- SUPPLIED DATA -
Content starts
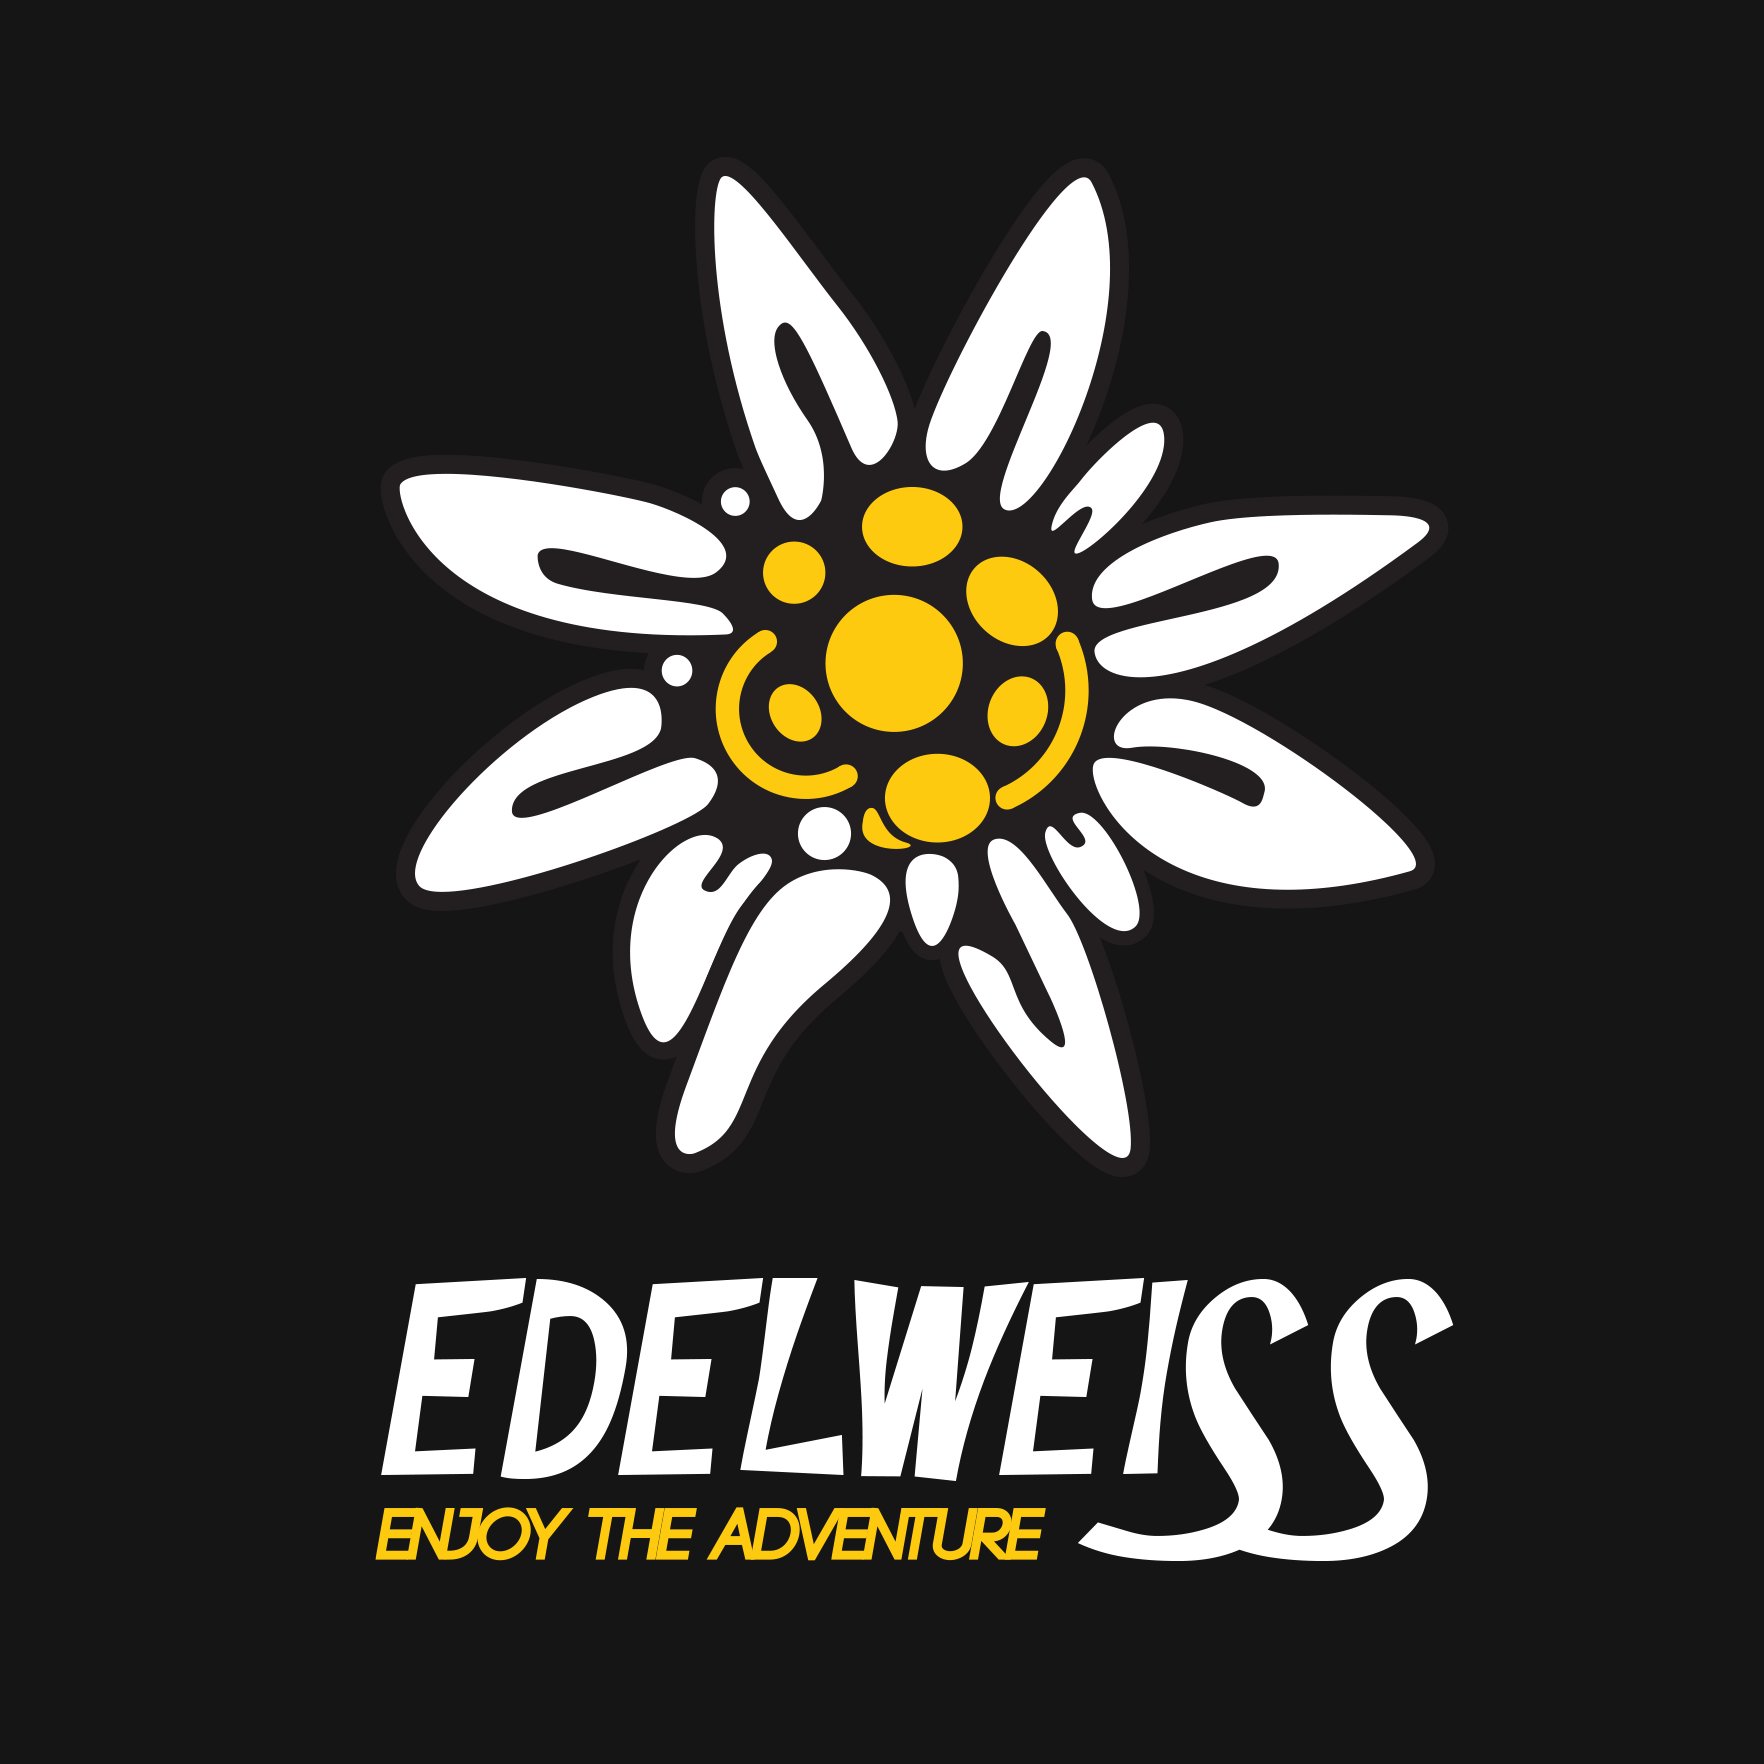 Edelweiss Shop
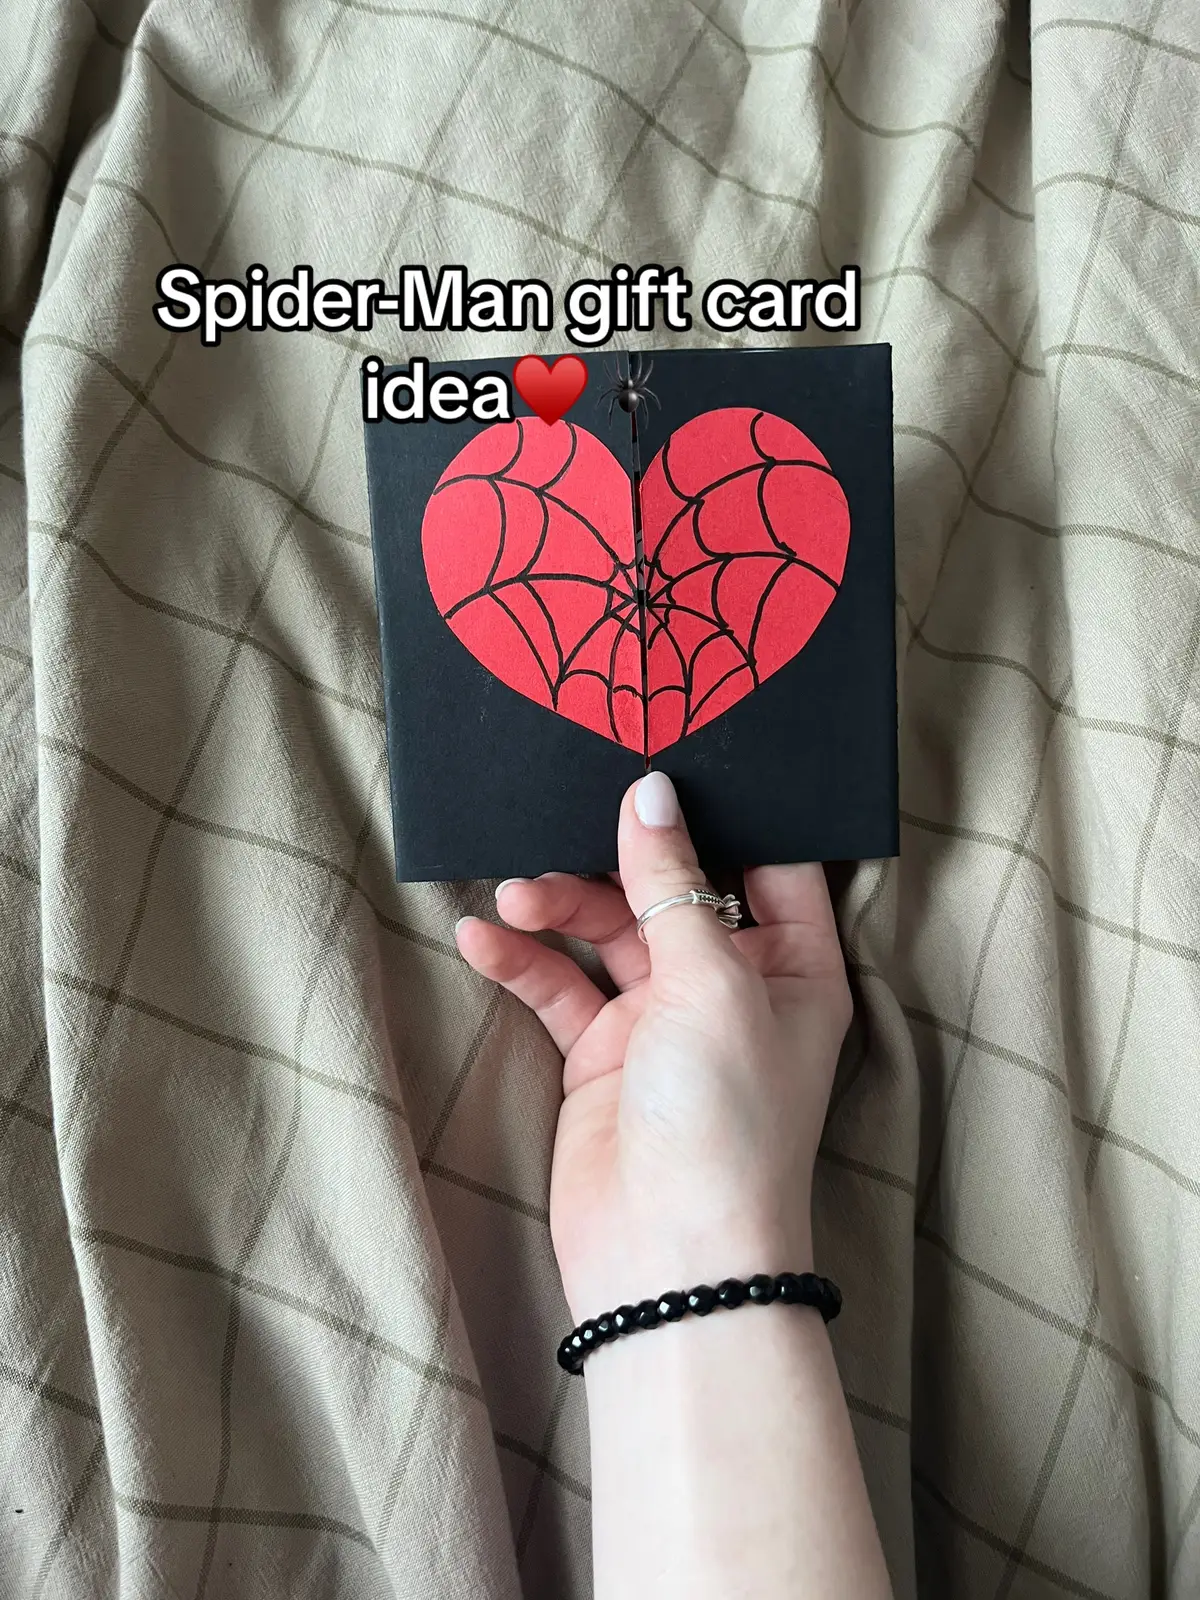 Spiderman giftcard idea♥️🕷️👀#him #Love #LoveIsLove #art #foryou #furdich #viral #lovestory #gift #DIY #loveletter #papercrafts #handmadegifts #giftidea #handmade #giftcards 
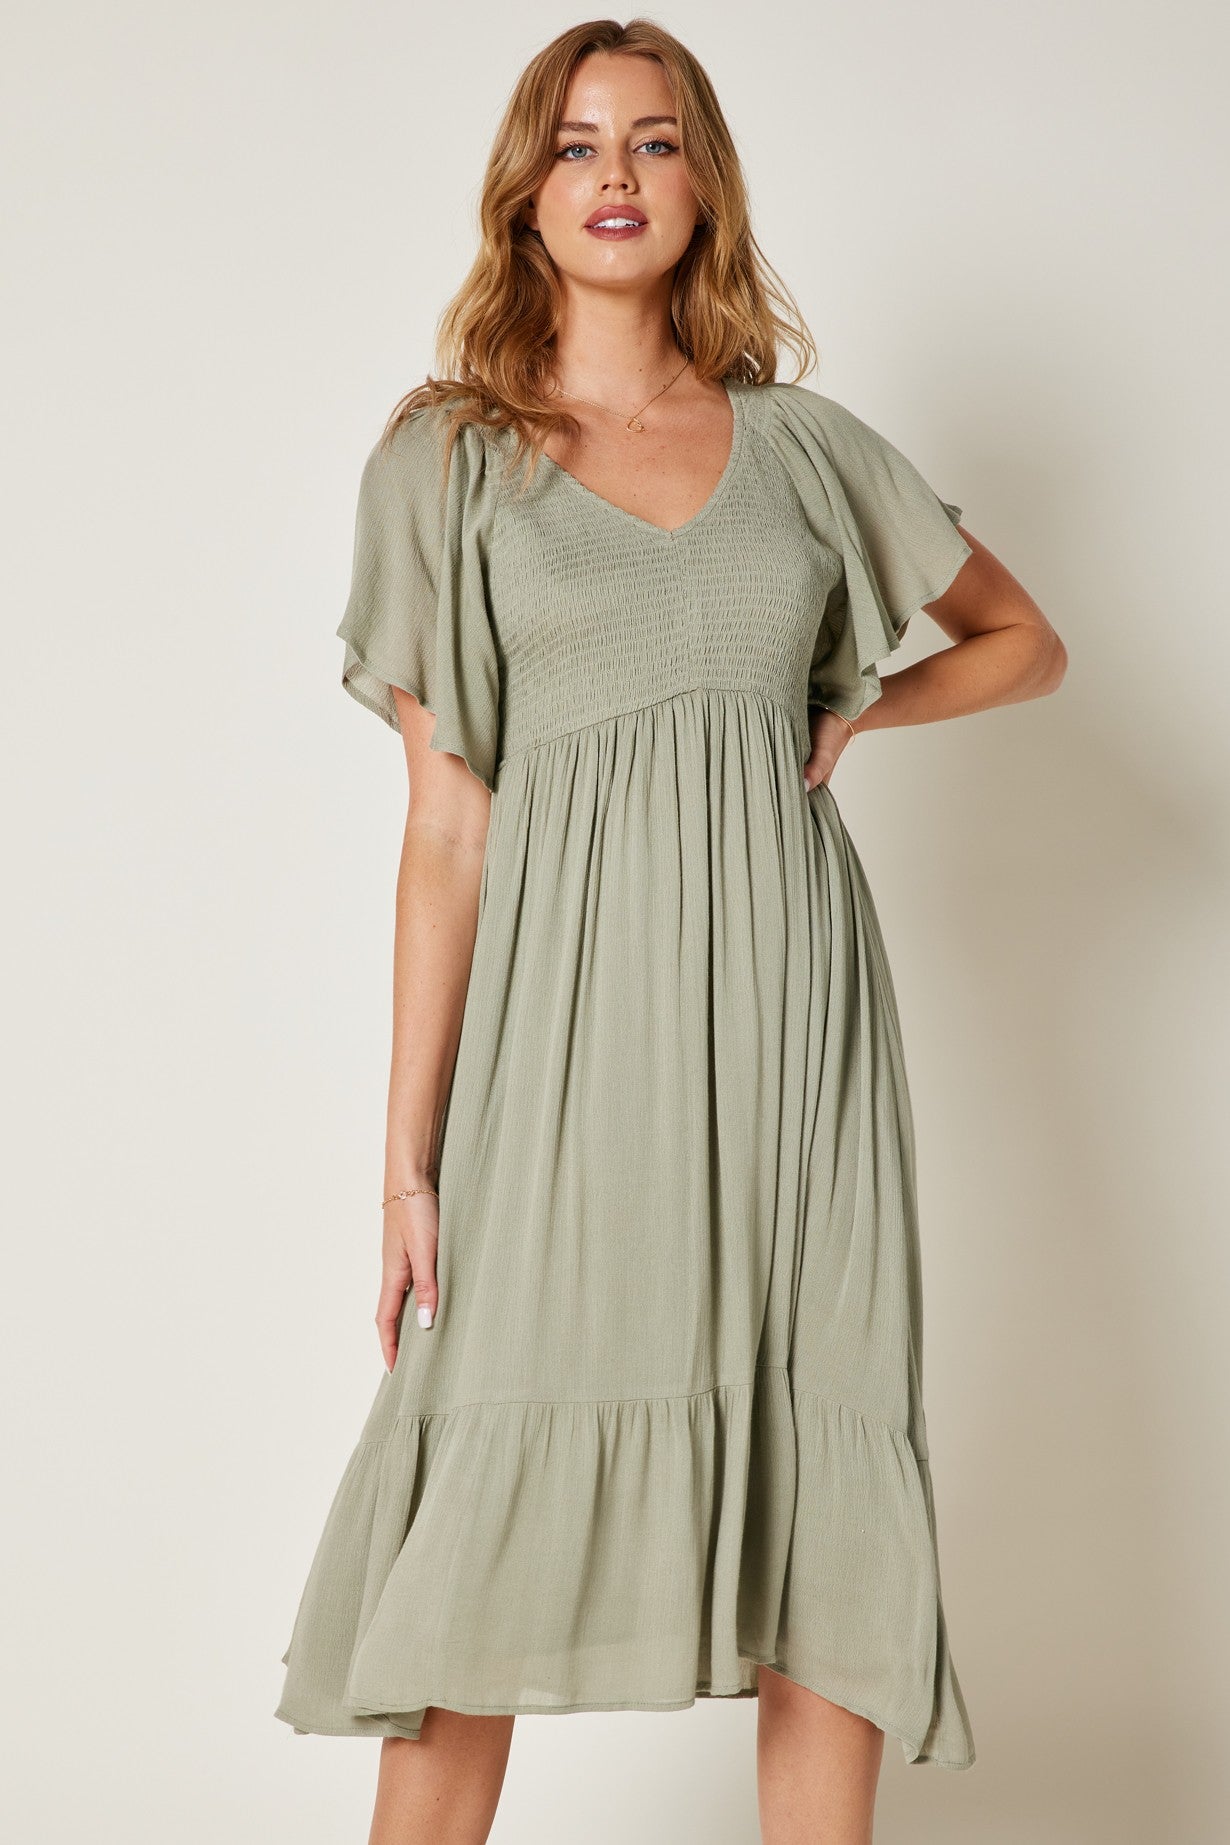 Ruffle Sleeve Smocked Dress in Light Olive
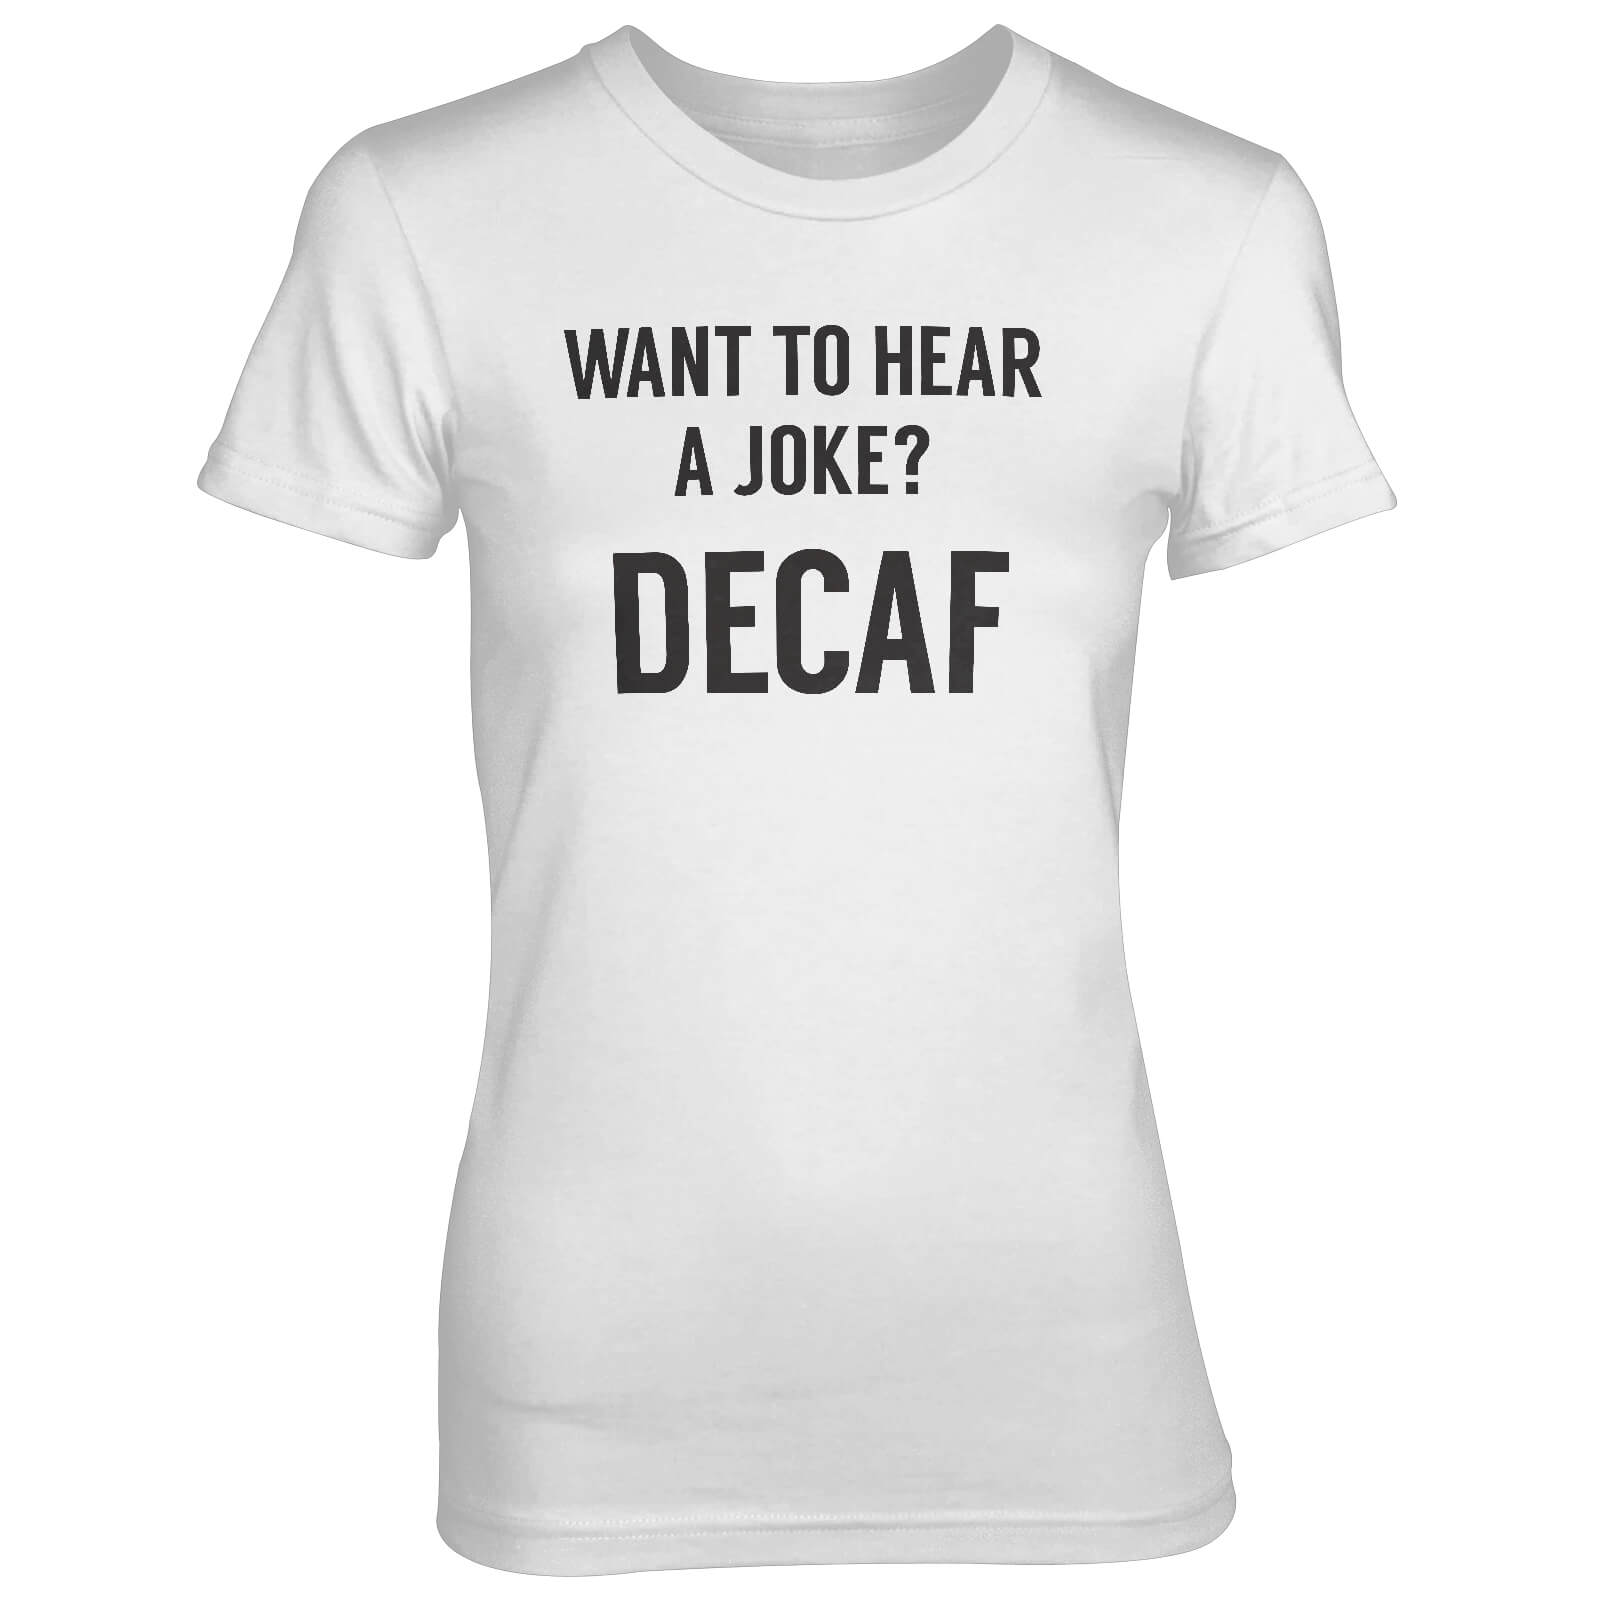 Want To Hear A Joke? DECAF Women's White T-Shirt - S - White
Content ends
- TASK DETAILS -
Every line of the material above should be repeated exactly, except for the pictures.

- YOUR SOLUTION -
 Edelweiss Shop
 Spiderman giftcard idea♥️🕷️👀#him #Love #LoveIsLove #art #foryou #furdich #viral #lovestory #gift #DIY #loveletter #papercrafts #handmadegifts #giftidea #handmade #giftcards 
 Ruffle Sleeve Smocked Dress in Light Olive
 Want To Hear A Joke? DECAF Women's White T-Shirt - S - White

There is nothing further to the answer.